* [Given information]:
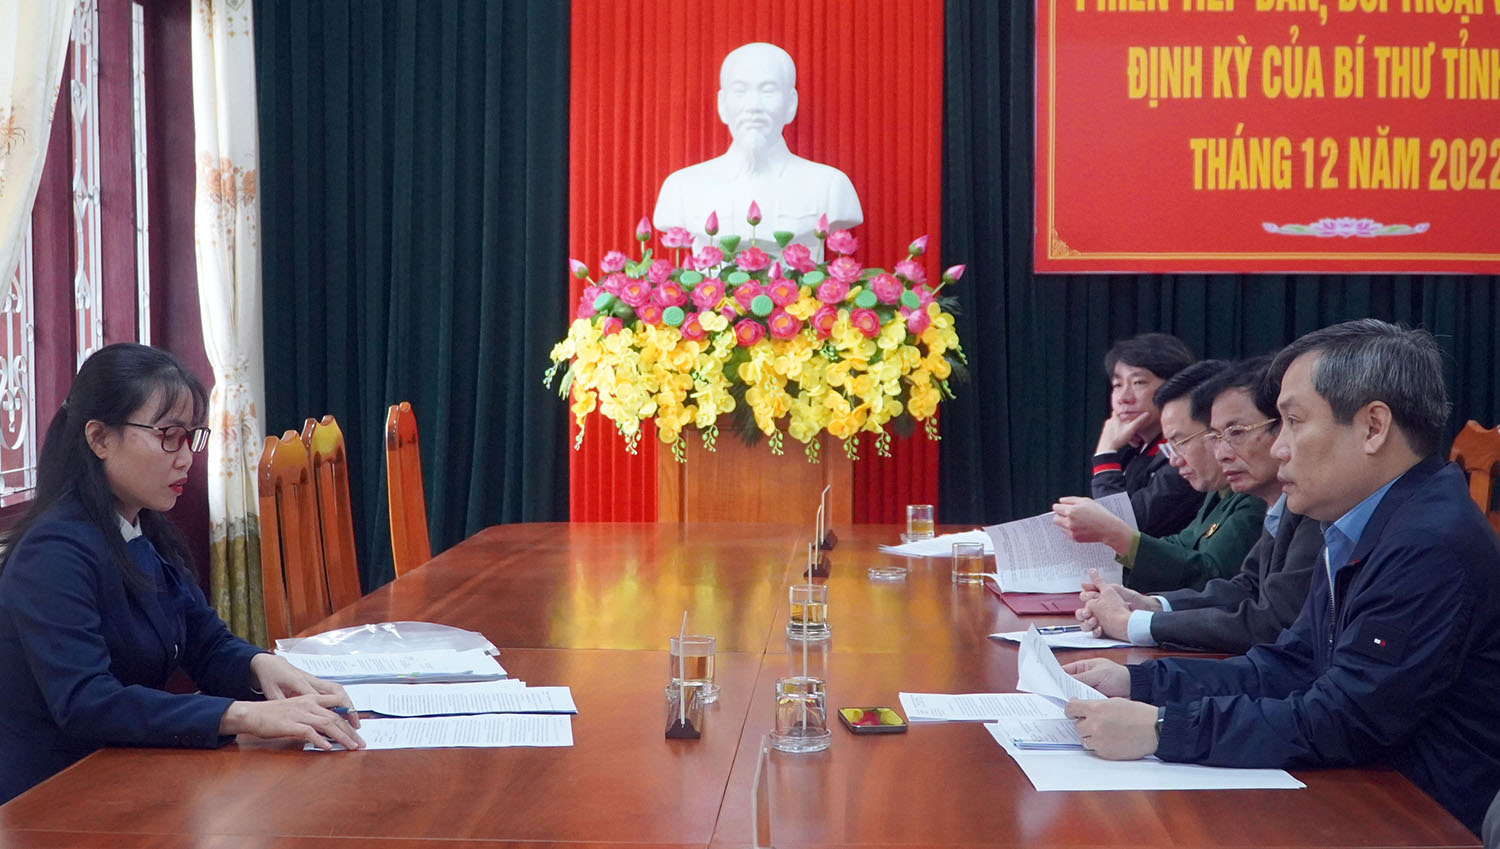 Đồng chí Bí thư Tỉnh ủy Vũ Đại Thắng trả lời nội dung kiến nghị của bà Lưu Thị Như Tình
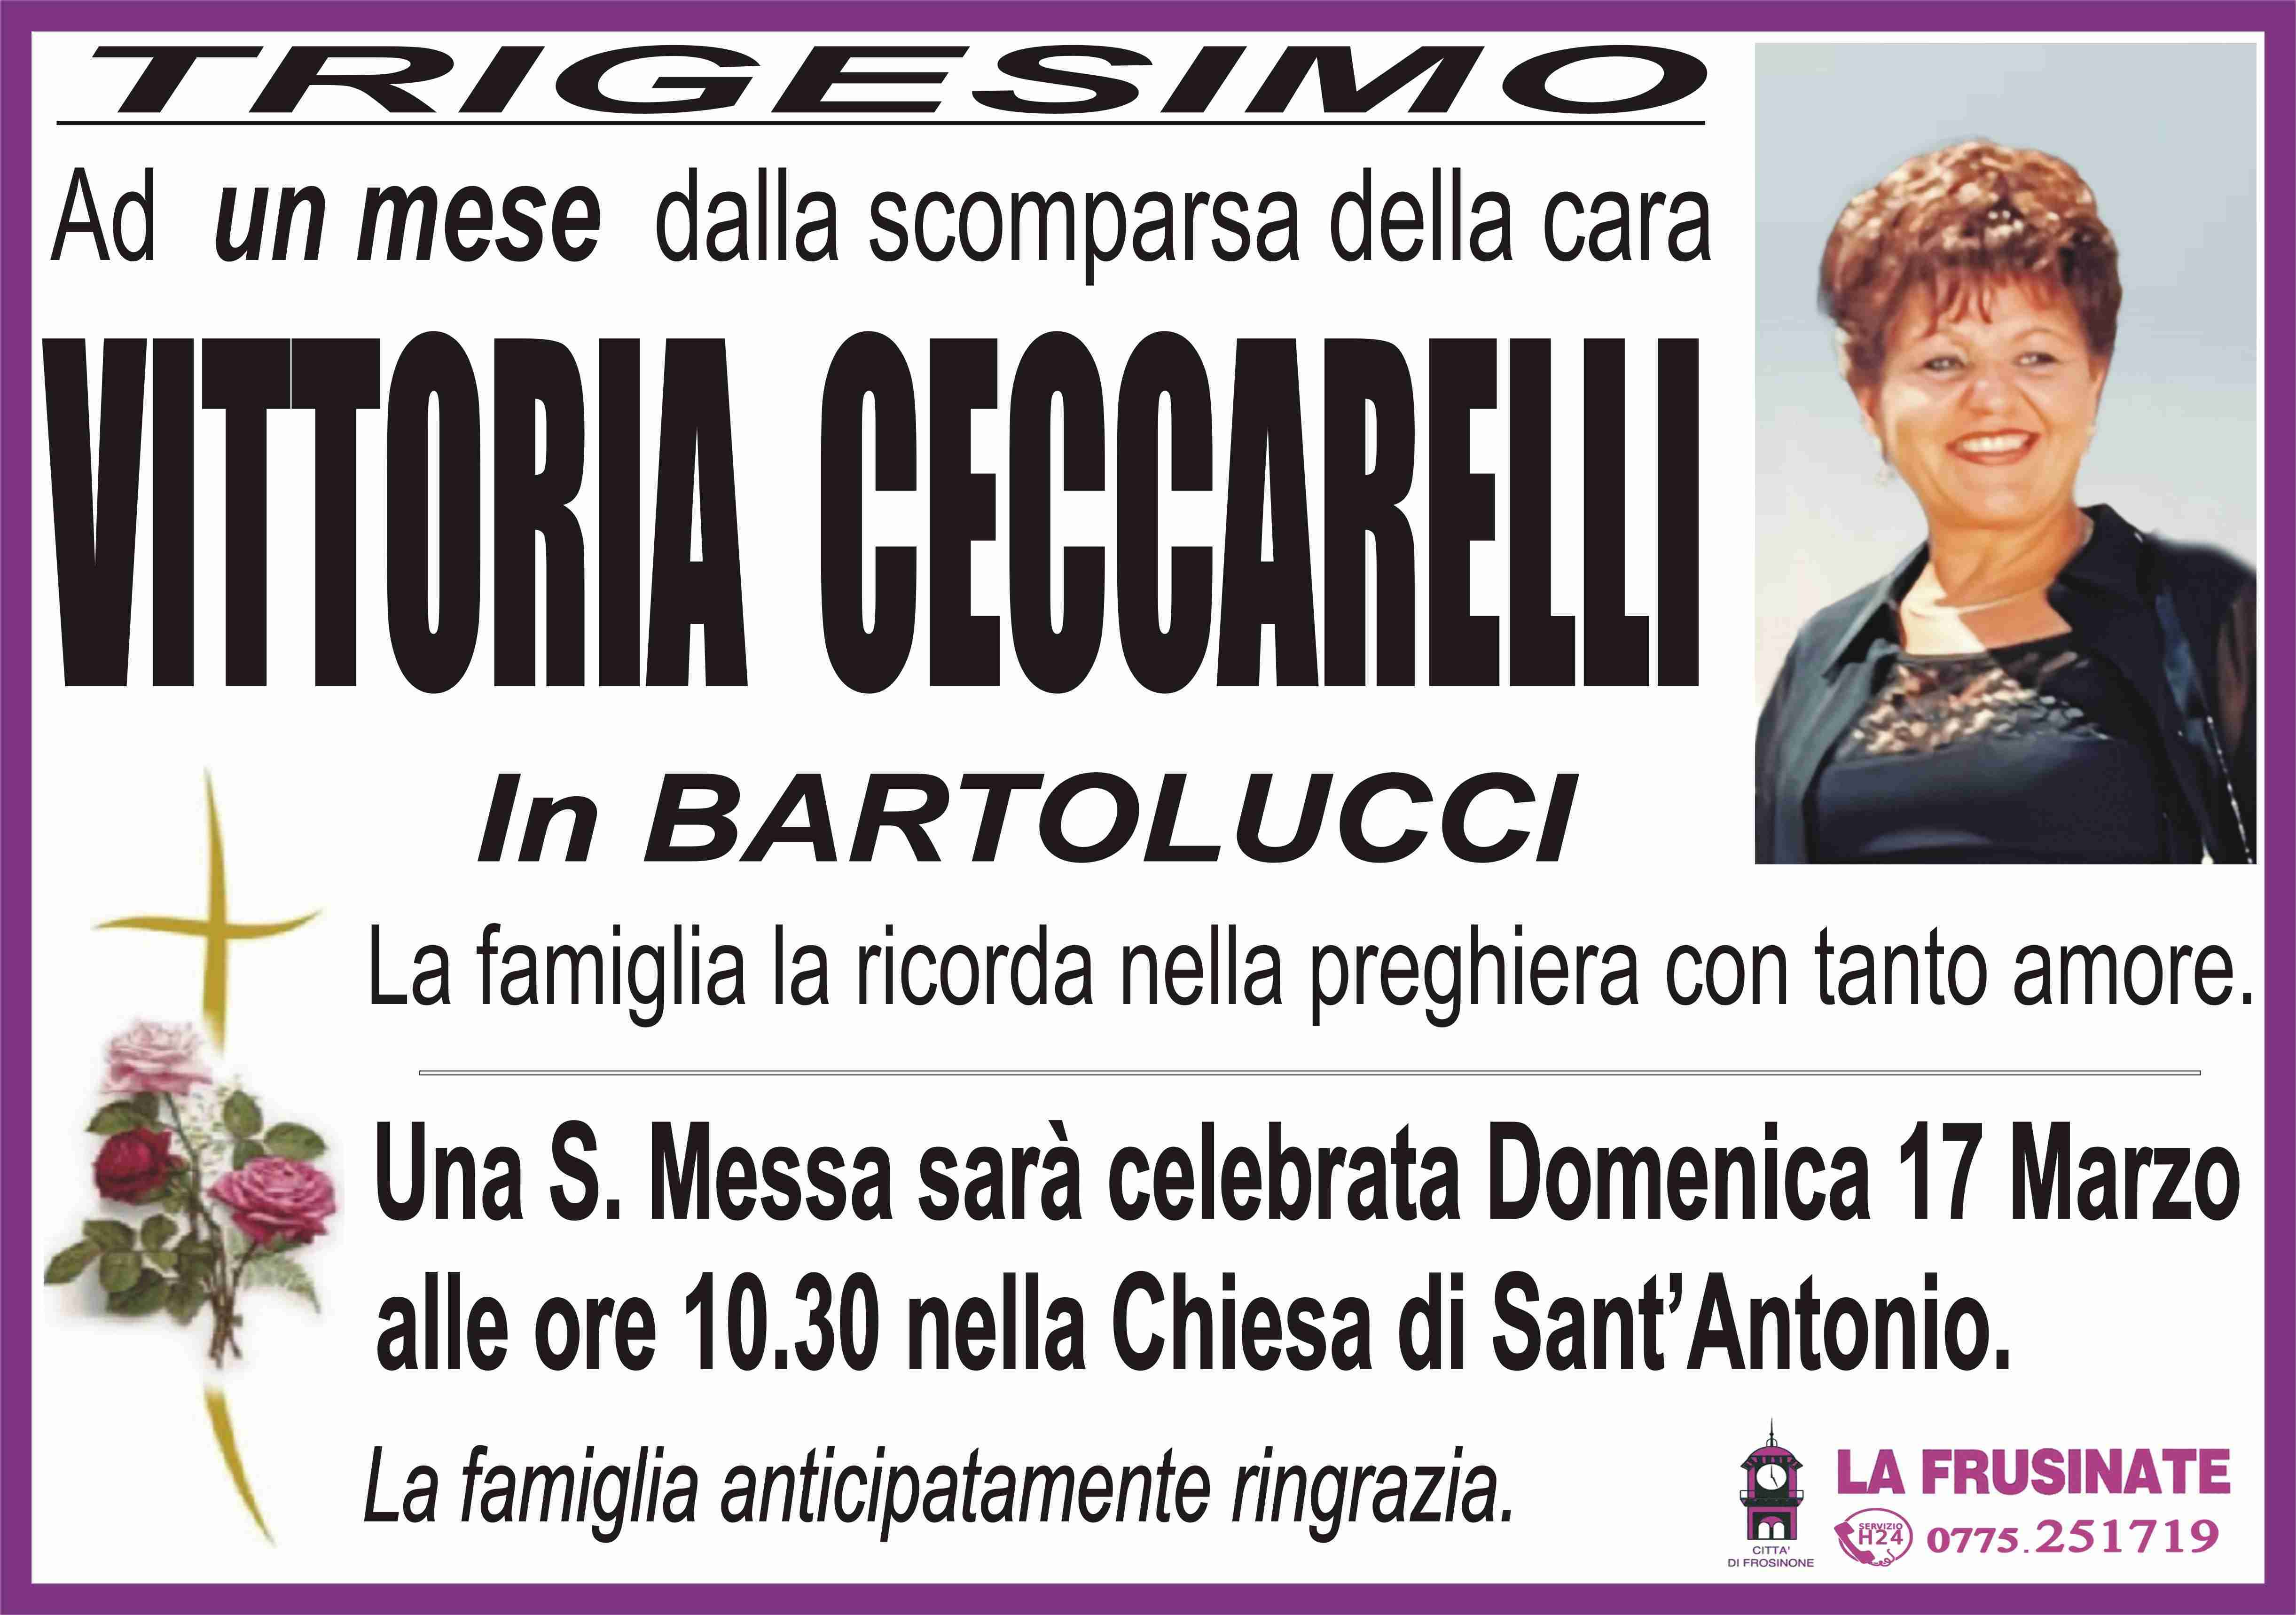 Vittoria Ceccarelli
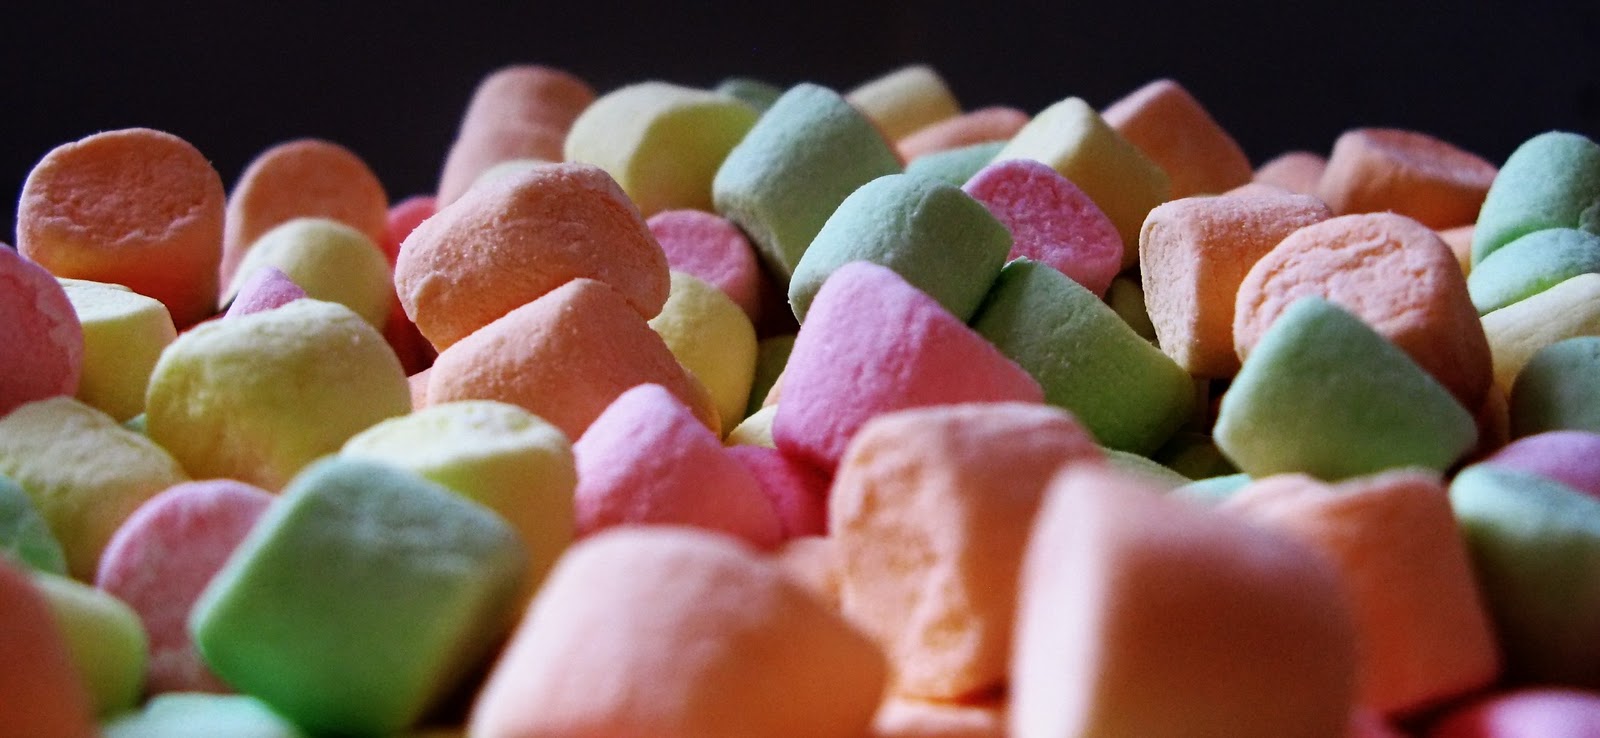 FairyLand: Mmmm….marshmallows…

* [Exercise instructions]: Set down the data above exactly as written. Omit the pictures.

* [Reply to the exercise]:
 Đồng chí Bí thư Tỉnh ủy Vũ Đại Thắng trả lời nội dung kiến nghị của bà Lưu Thị Như Tình
 Vittoria Ceccarelli
 FairyLand: Mmmm….marshmallows…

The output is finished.